July 4 Concert, Dartmouth Community Symphony Orchestra; world premiere of Walter Piston concerto.
July 8 Concert, Chamber Ensemble.
July 9 Play, Shakespeare's As You Like It.
July 10 Play, As You Like It.
July 11 Play, As You Like It.
July 12 Concert, Symphony Orchestra.
July 15 Play, Ionesco's Rhinoceros. Concert, Chamber Ensemble.
July 16 Play, Rhinoceros.
July 17 Play, As You Like It.
July 18 Play, Rhinoceros.
July 19 Concert, Symphony Orchestra.
July 22 Play, As You Like It. Concert, Chamber Ensemble.
July 23 Play, Rhinoceros.
July 24 Play, Rhinoceros.
July 25 Play, As You Like It.
July 26 Concert, Symphony Orchestra.
July 29 Play, Rhinoceros. Concert, Chamber Ensemble.
July 30 Play, As You Like It.
July 31 Play, As You Like It.
Aug. 1 Play, Rhinoceros.
Aug. 2 Concert, Symphony Orchestra; world premiere of Vincent Persichetti piano concerto.
Aug. 4 Play, Farquhar's The Beaux' Stratagem.
Aug. 5 Play, Beaux' Stratagem. Concert, Chamber Ensemble.
Aug. 6 Play, As You Like It.
Aug. 7 Play, Rhinoceros.
Aug. 8 Play, As You Like It, matinee. Play, Beaux' Stratagem.

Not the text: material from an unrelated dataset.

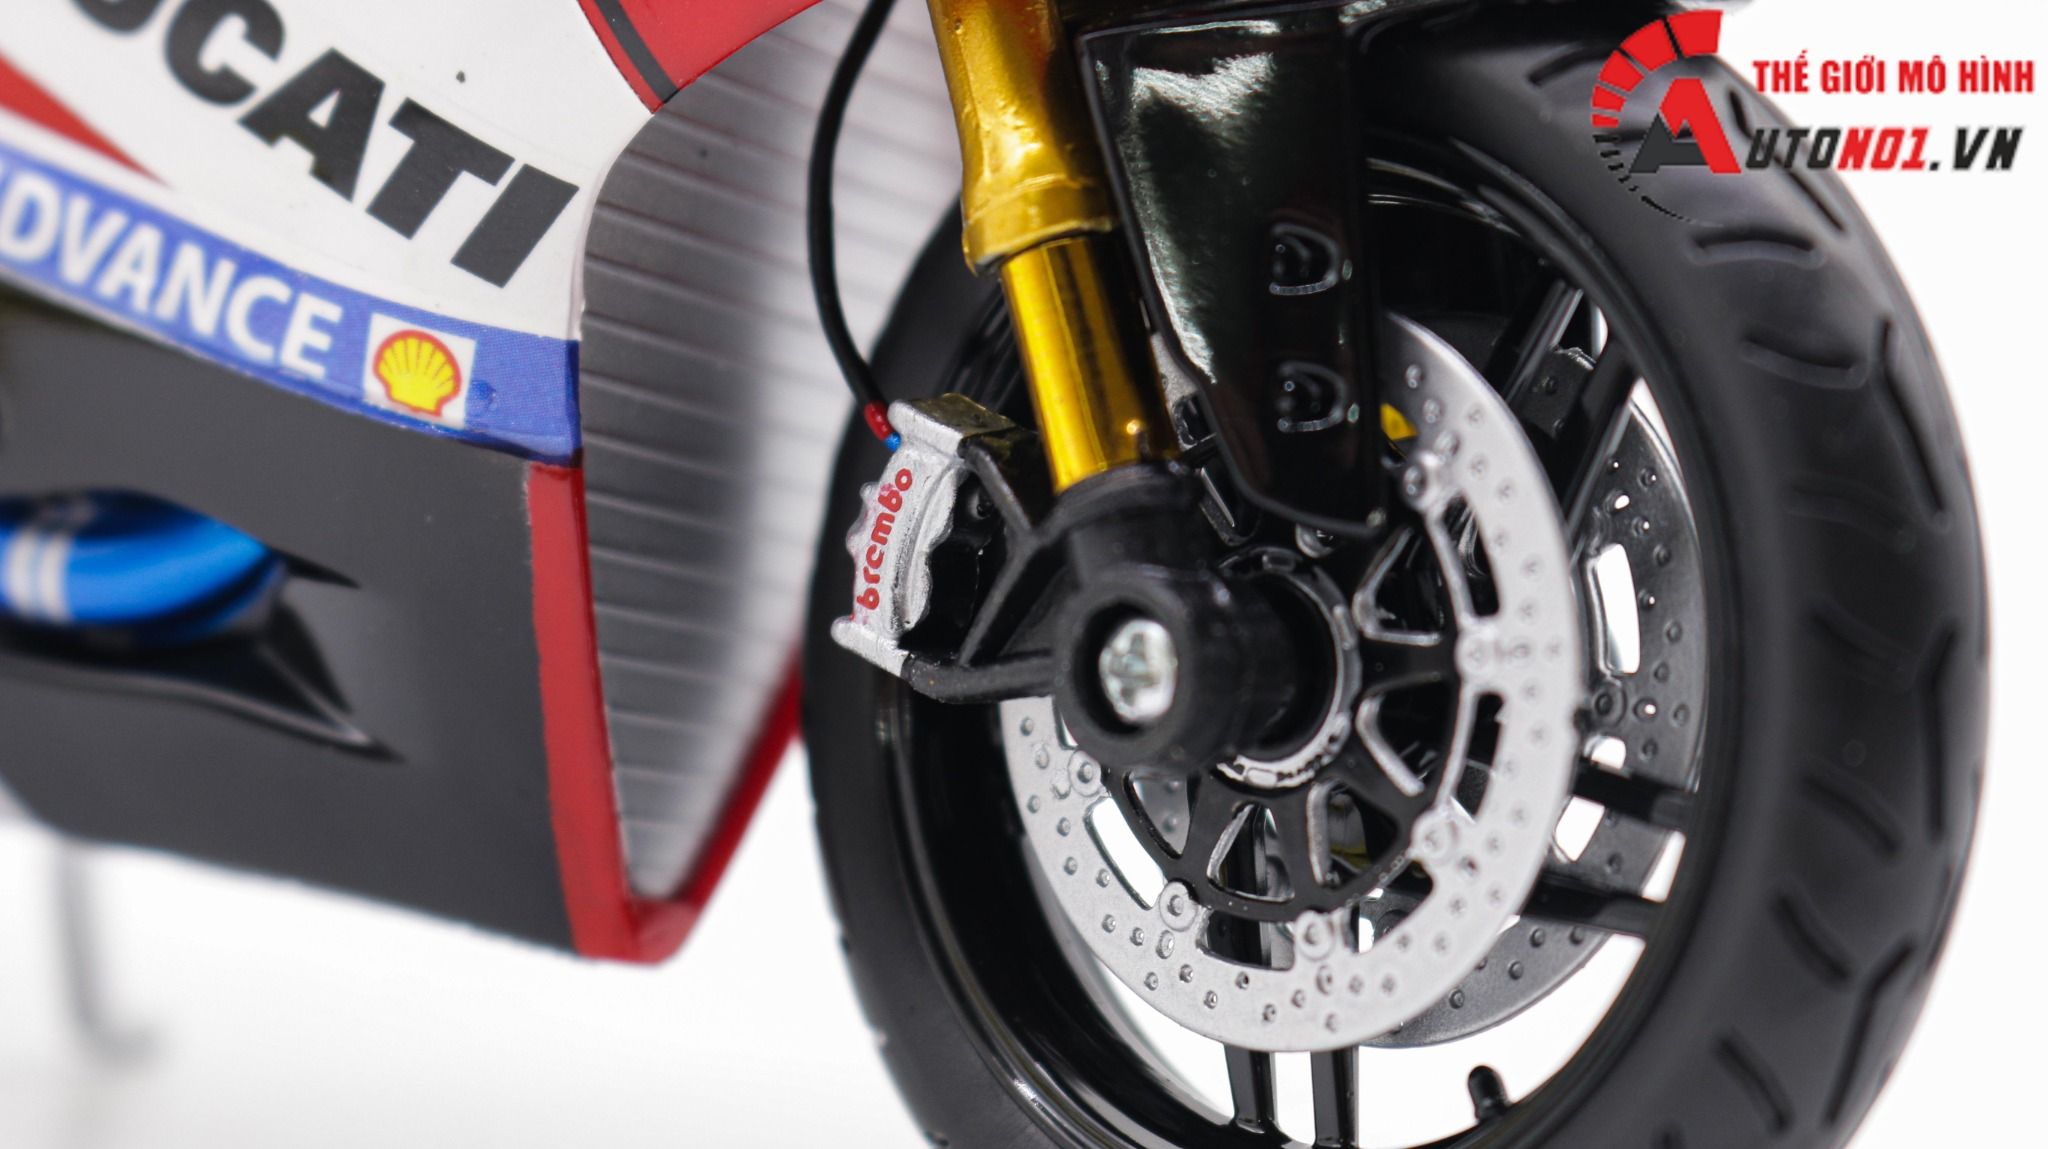  Mô hình xe độ Ducati 1199 Panigale Advance Custom Nồi Khô 1:12 Maisto D221b

Aug. 9 Play, Beaux' Stratagem, matinee. Concert, Symphony Orchestra.
Aug. 11 Play, As You Like It.
Aug. 12 Play, Beaux' Stratagem. Concert, Chamber Ensemble.
Aug. 13 Play, Rhinoceros.
Aug. 14 Play, Beaux' Stratagem.
Aug. 15 Play, Beaux' Stratagem, matinee. Play, Rhinoceros.
Aug. 16 Concert, Symphony Orchestra. Play, Rhinoceros, matinee.
Aug. 18 Play, Beaux' Stratagem.
Aug. 19 Play, As You Like It. Concert, Chamber Ensemble.
Aug. 20 Play, Beaux' Stratagem.
Aug. 21 Play, Rhinoceros.
Aug. 22 Play, As You Like It, matinee. Play, Beaux' Stratagem. Concert, Symphony Orchestra with the Dartmouth Summer Chorus.
Plays: Evenings 8:30, matinees 2:30; Concerts: 8:30 p.m.